I have added logging in my production instance anyway and will see if I can find any. It isn't that active though. There are many CalcJob, but they finish rather slowly (I wish it is the opposite 😂!).

codecov · 2020-06-04T21:56:31Z

Codecov Report

Merging #4150 into develop will increase coverage by 0.01%.
The diff coverage is n/a.

@@             Coverage Diff             @@
##           develop    #4150      +/-   ##
===========================================
+ Coverage    78.89%   78.89%   +0.01%     
===========================================
  Files          467      467              
  Lines        34500    34500              
===========================================
+ Hits         27214    27215       +1     
+ Misses        7286     7285       -1

Flag	Coverage Δ
#django	`70.82% <ø> (+0.01%)`	⬆️
#sqlalchemy	`71.69% <ø> (ø)`

Impacted Files	Coverage Δ
aiida/manage/configuration/options.py	`75.00% <ø> (ø)`
aiida/transports/plugins/local.py	`80.47% <0.00%> (+0.26%)`	⬆️

Continue to review full report at Codecov.

Legend - Click here to learn more
Δ = absolute <relative> (impact), ø = not affected, ? = missing data
Powered by Codecov. Last update f61dd19...8b401f0. Read the comment docs.

unkcpz · 2020-06-05T03:47:53Z

def call_on_process_finish(self, pk, callback):
        """
        Callback to be called when the process of the given pk is terminated

        :param pk: the pk of the process
        :param callback: the function to be called upon process termination
        """
        process = load_node(pk=pk)
        self._poll_process(process, callback)

I am not very sure but I think poll calculation is the only mechanism here rather than the backup for the rmq broadcast. Since the on_process_finished callback (workchain::action_awaitables) is only registered in _poll_calculation but not to rmq.
But for sure, get_calculation_futuire uses rmq broker and sets poll mechanism as backup, however this method is not called elsewhere in the code base.

Or did I get it wrong?

sphuber · 2020-06-05T06:49:48Z

I think you are right @unkcpz . I have also checked the code and I cannot see where the parent is subscribing to state transition messages from the child, so it continuing relies solely on the polling mechanism. I wonder now if the subscribing was broken by accident at some point or if it actually never went in the code. Anyway, I will open a new issue for this and add a fix. This might actually give us an unexpected performance boost since we were actually not relying on event-based processing at all.

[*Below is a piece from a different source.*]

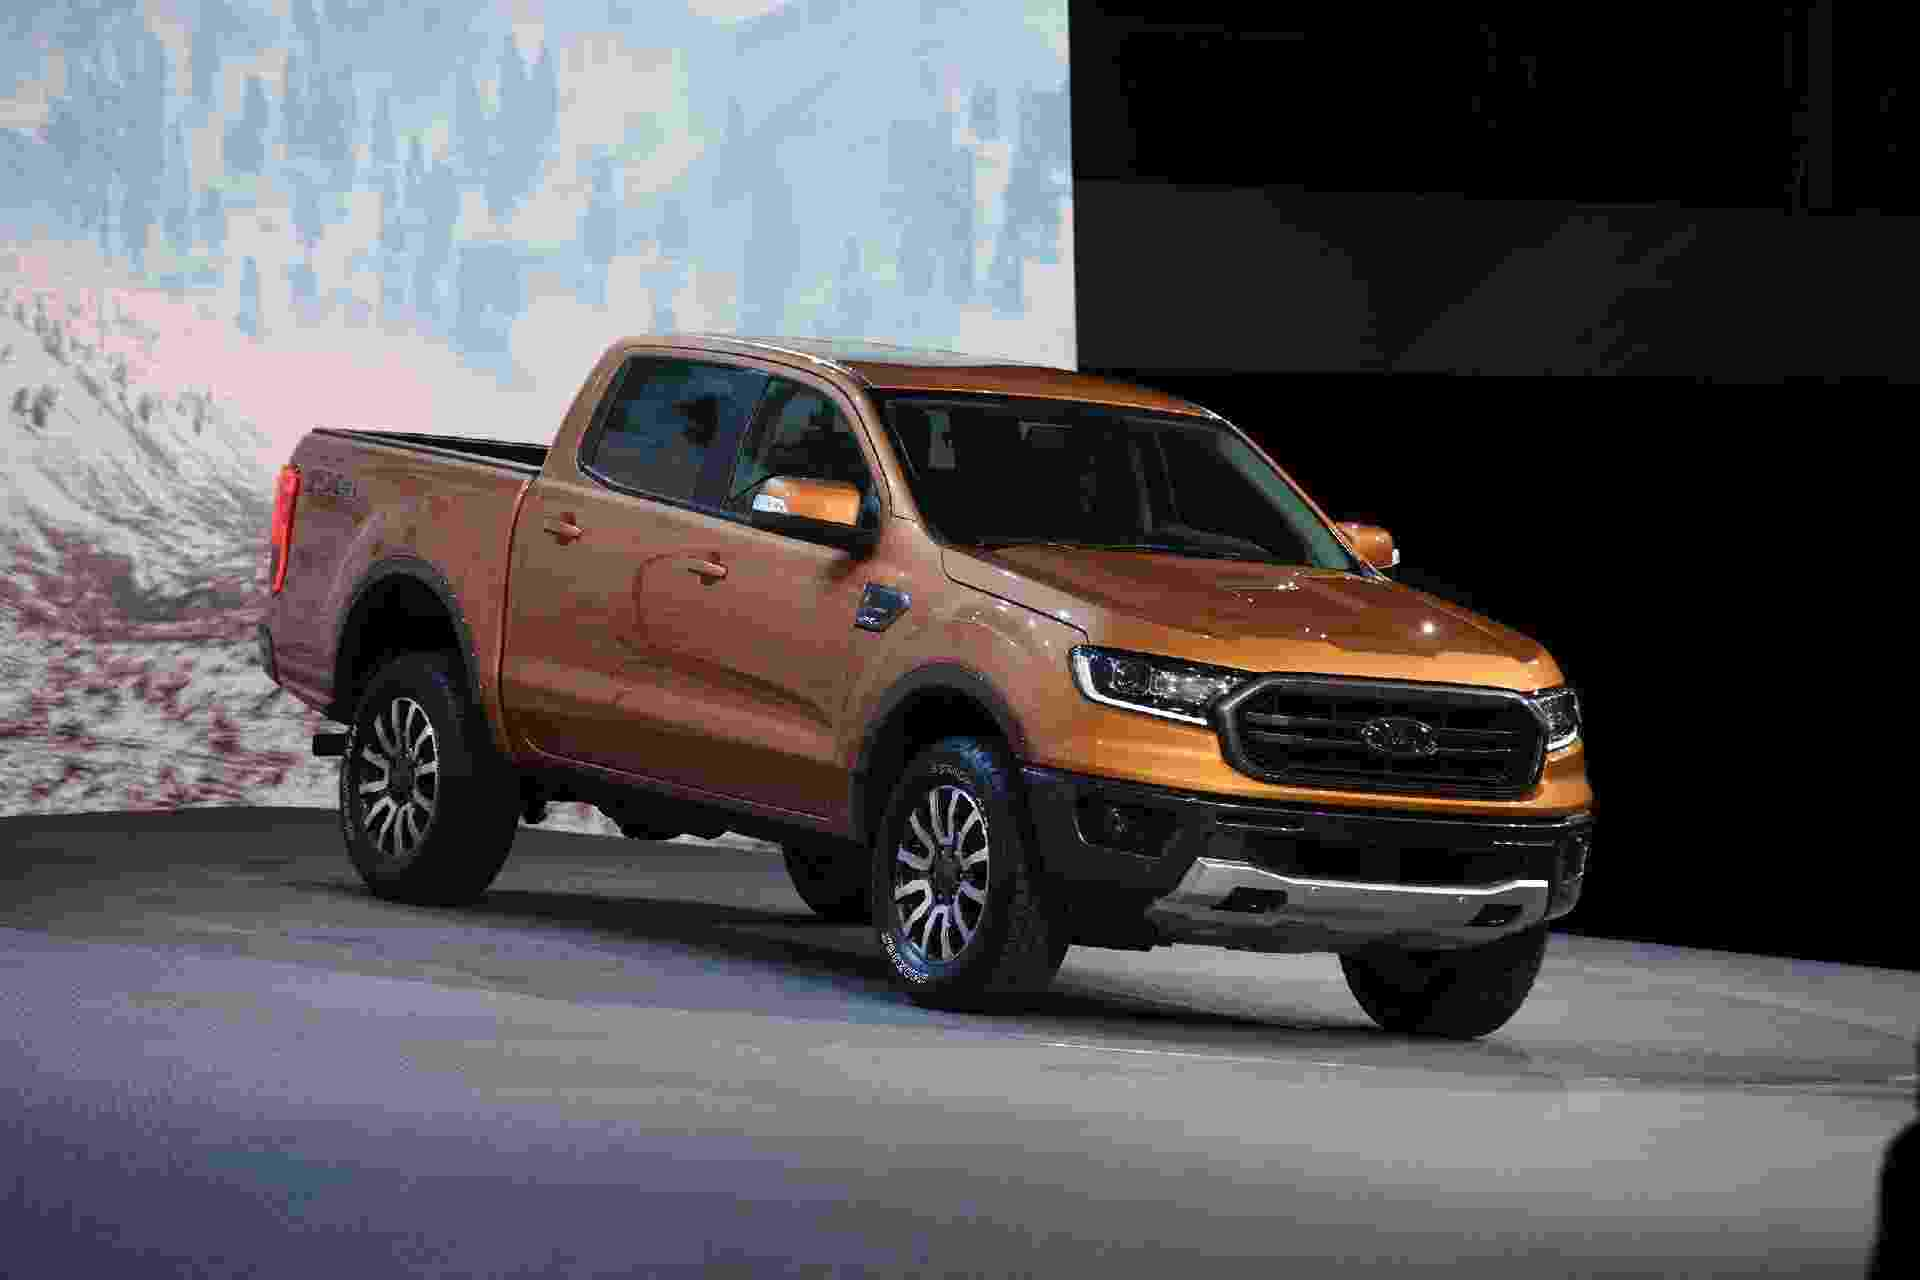 Ford Ranger 2019 americana - Murilo Góes/UOL

unkcpz · 2020-06-05T06:59:07Z

Ha, yes. I also suggest to add a logging message to _poll_ function of CalculationFuture, even it is not used elsewhere at the moment.
Anyway, this is a good fix now, I encountered the same performance issues because of this, now the cpu burden is lighter.

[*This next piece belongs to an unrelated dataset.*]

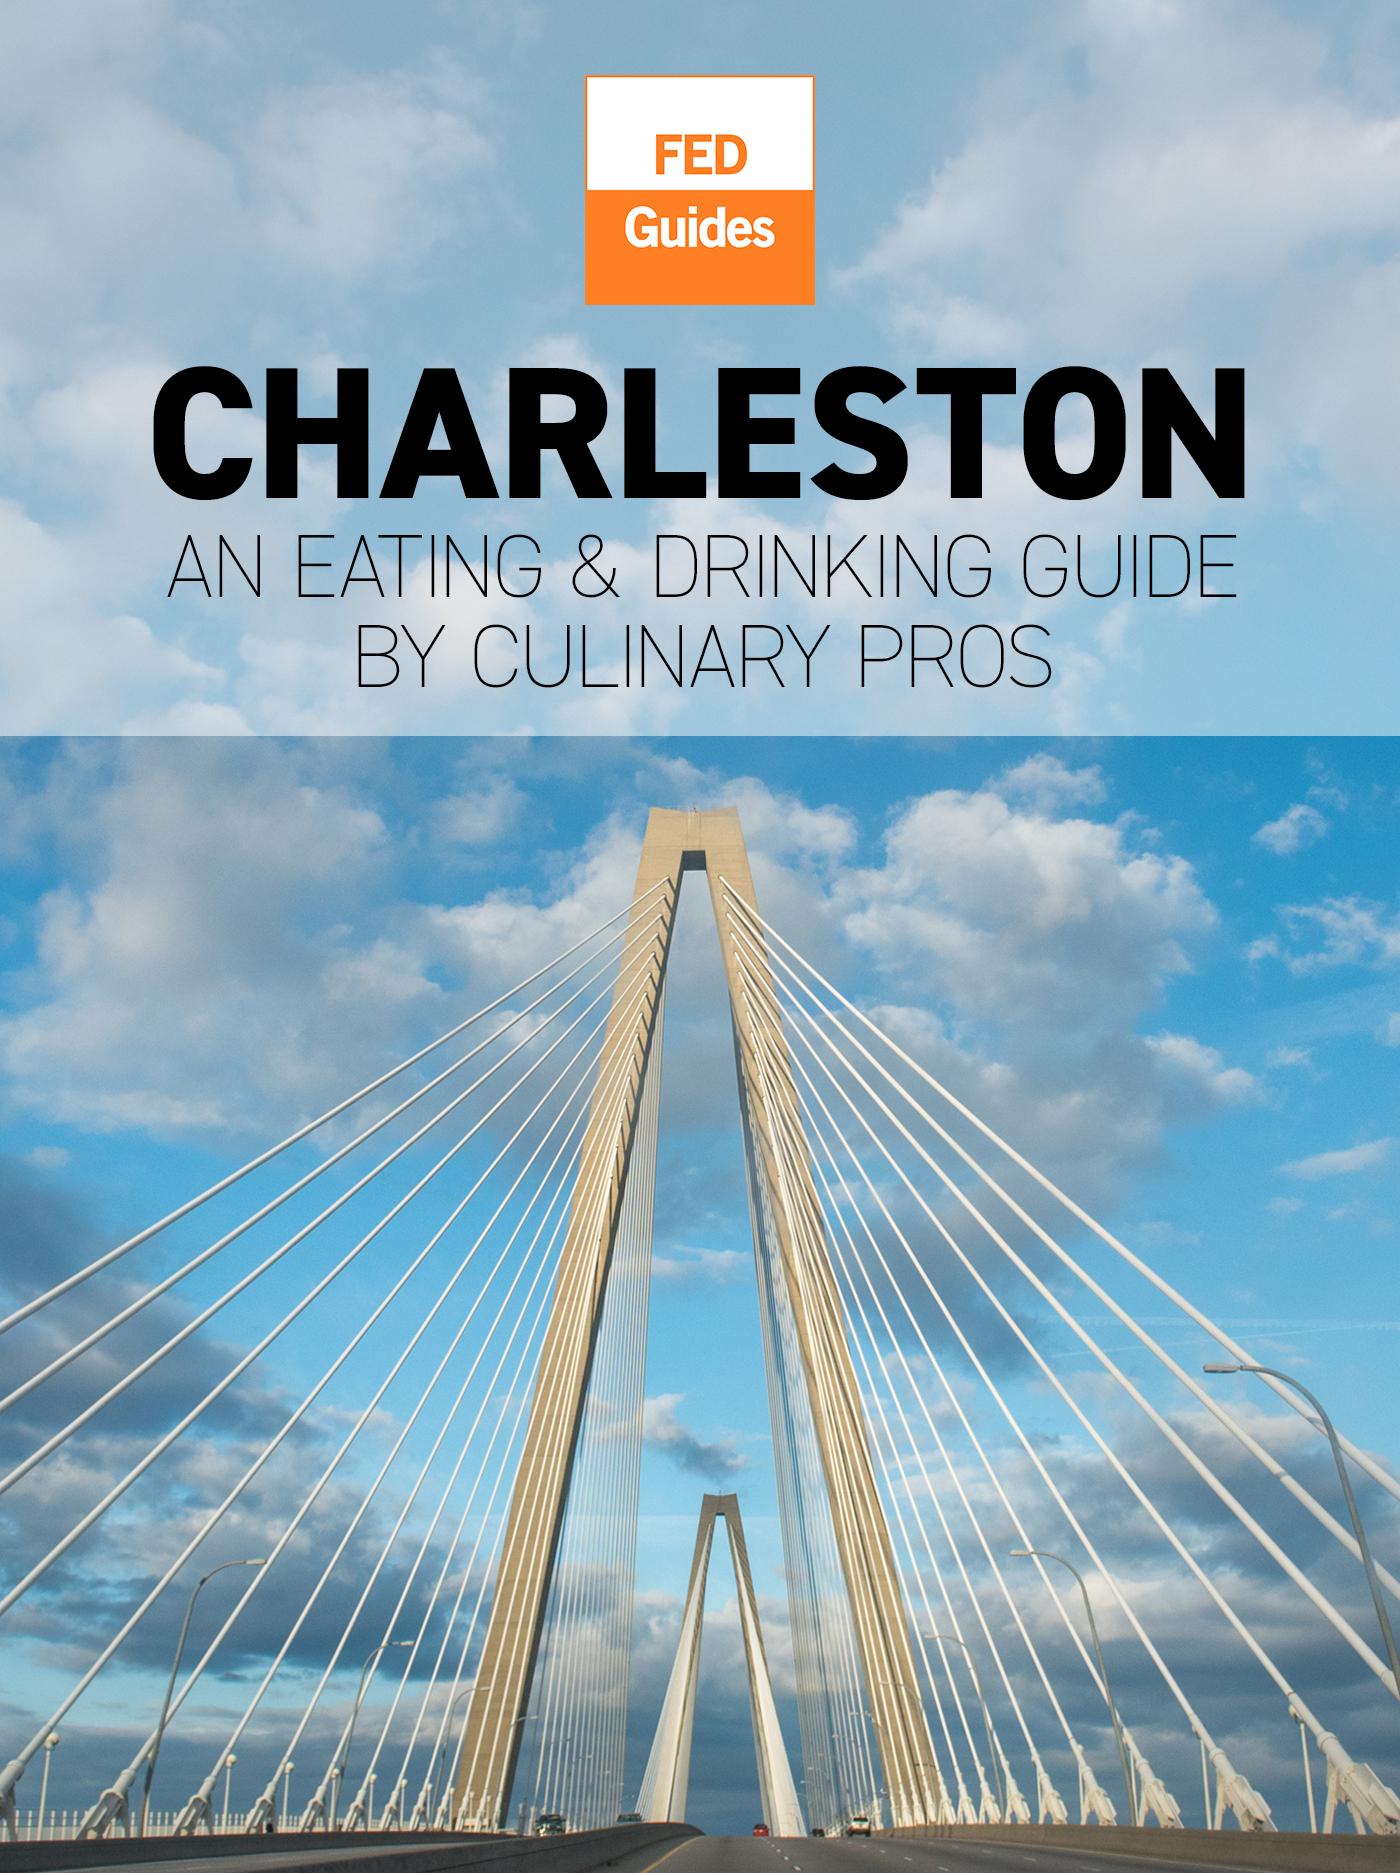 USA_FL_Charleston_eBook_Apple_Cover_v1.2.jpg

This option is used to define the `poll_interval` argument of all `Runner` instances that are created to run all processes. It determines the interval with which the state of a subprocess, that a `WorkChain` is waiting on, is checked whether it is terminated. If that is the case, a callback is called which will signal to the `WorkChain` that it can continue. This polling is a backup mechanism in case the broadcast by the process when it terminates is missed by the caller, which would cause it to wait indefinitely. The original default of 1 was causing unnecessary load on the CPUs as well as the database that each time had to query for the process state. When running many calculations this would spin the CPUs noticeably. Since this is supposed to be a fail-safe mechanism and it should only be required rarely, it is fine to increase the time significantly to reduce the load.

sphuber · 2020-06-17T20:39:35Z

@muhrin care to give this daunting PR a go? ;)

zhubonan

Looks OK to me. I have been running with 60 seconds polling interval for a few days so far, no issue found.

zhubonan · 2020-06-18T08:23:04Z

By the way, is there a plan to re-enable the broadcast mechanism for informing process completion, so the polling is for fail-safe as originally intended?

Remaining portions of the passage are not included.